Wednesday, 25 March 2020

Wherefore art thou, Labour?

It isn't healthy for any democracy not to have a functioning opposition. We are drifting toward a one party state with a petitioner opposition the government can ignore if it so chooses. Meanwhile parliament is making an irrelevance of itself at a time when government failures need to be rapidly identified and addressed. The Labour party, or what's left of it, is not up to this task.

This week, insofar as they have made a noise, it's been bleating about financial support for the self-employed and those in casual employment. All well and good but this is well within their comfort zone, largely conceding the points on Corona containment and mitigation.

In this, we have never needed an effective opposition more than we do now. The government was muddled and slow to react for which there must be an enquiry. Furthermore, the soft-lockdown is clearly not going to be adequate, and though the government is taking measures to increase care capacity the data suggests it's not nearly enough and we need to be ramping up our capabilities now.

Furthermore, as hospitals and clinics start filling up with Corona sufferers, ordinary treatments are going to get bumped. People on cancer medicines be it chemo or gene therapy are going to struggle getting the treatments they need which could add thousands more to the death toll.

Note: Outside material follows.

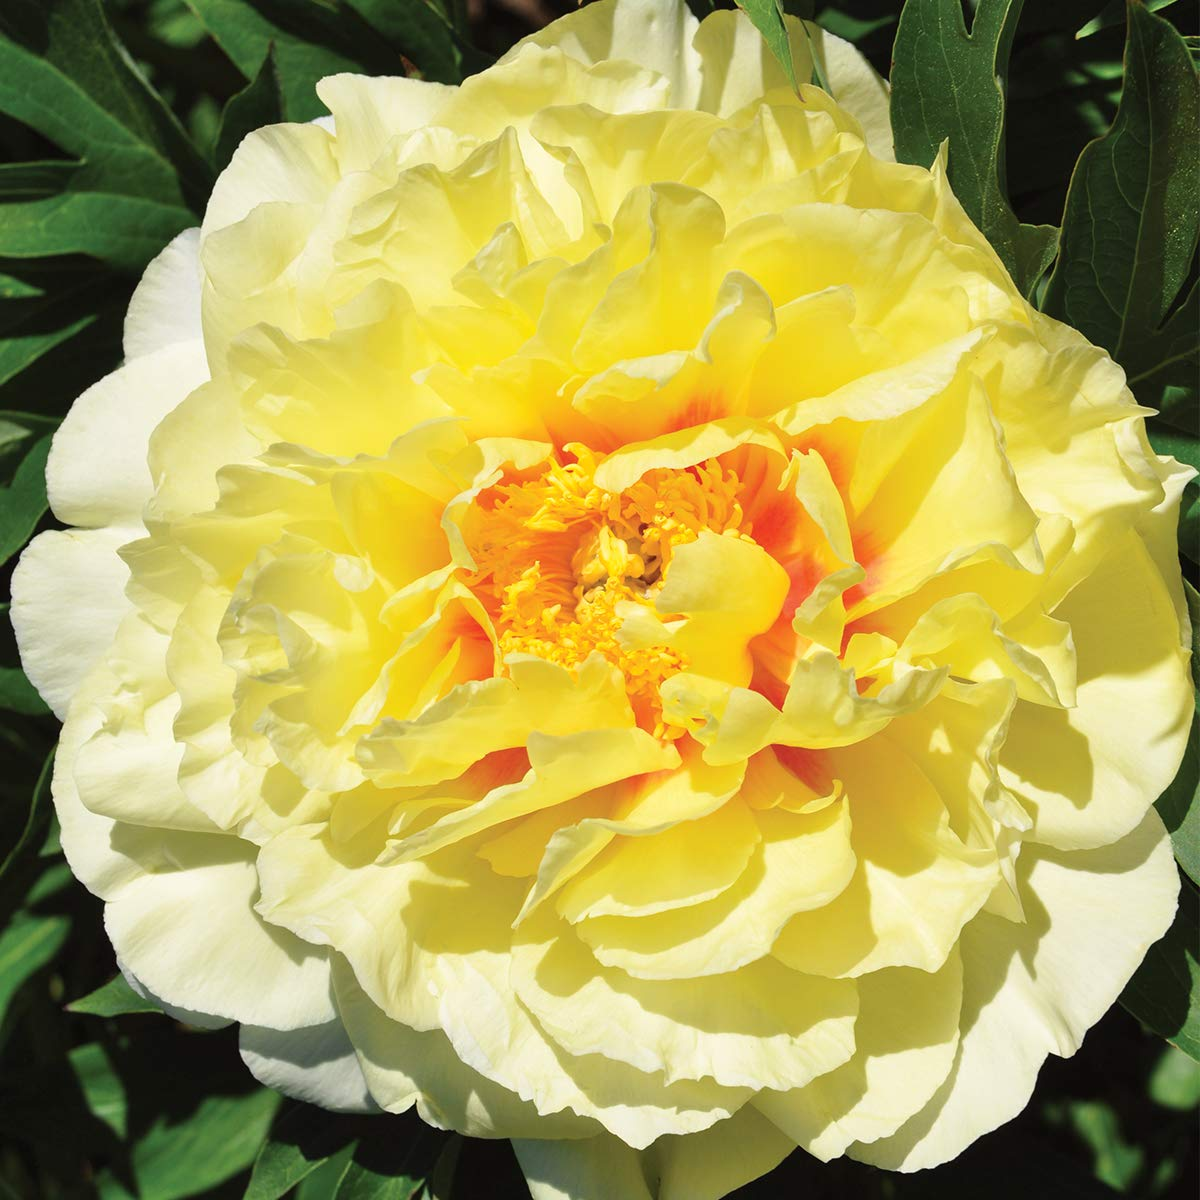 Burpee 'Bartzella' Itoh Perennial Peony - 1 Bare Root 3-5 Eye Plant

Then there's the bigger picture. Various industry individuals and junior ministers have assured us that we can feed the nation. As someone quite well versed in trade issues, I have no faith in any of these reassurances. We need a major mobilisation of logistics and air assets to ensure we can get basic foodstuffs and a rudimentary rationing system ready to roll if the situation deteriorates.

Then there is the matter of trade negotiations with the EU. It is my view that a rushed FTA with minimal customs cooperation is a serious liability both for our strategic position in the mid term but also our critical supply chains. We need a minimum one year pause so that we can look at this when there is the proper bandwidth for a national debate. This is not something that can be allowed to be railroaded through out of the public eye.

Labour seem to have gone for the low hanging fruit - the soft welfare subjects that fall within the remit of a socially focussed NGO/welfare charity, which makes them little more than a pressure group and shows them up as being uninterested in the serious business of statecraft.

As regards to meeting the future challenges of Corona, it is clear we need a renewed and revitalised system of local government capable of acting independently and able to take on the responsibility of containing new outbreak clusters when the lockdown measures are eased. We have seen an impressive and heartwarming response to the call for volunteers. They are going to need training and will need to be deployed effectively and moved around to where they are needed. There is a whole host of questions pertaining to their organisation, welfare, PPE and sustenance. What's the plan?

As to the lockdown itself, there are clear costs and threats to liberty - especially when the curtain twitchers get busy. The police need clear guidelines and a beefed up code of conduct. Enforcement will be difficult when there will be other demands on their time and more pressing urban stresses, not least where there is racial friction and cultural sensitivities to take into account.

This would be a chance for Labour to show that it shares the same concerns as ordinary people but also show that it is capable of governing. Instead we see labour activists bickering among each other over trivialities while largely ineffectual Labour MPs can't wrench themselves out of their comfort zones. Labour has spent the whole time navel gazing, giving Boris Johnson a free pass at a time when basic errors will lead to the needless deaths of thousands. It's time for them to stop dithering and get their act together.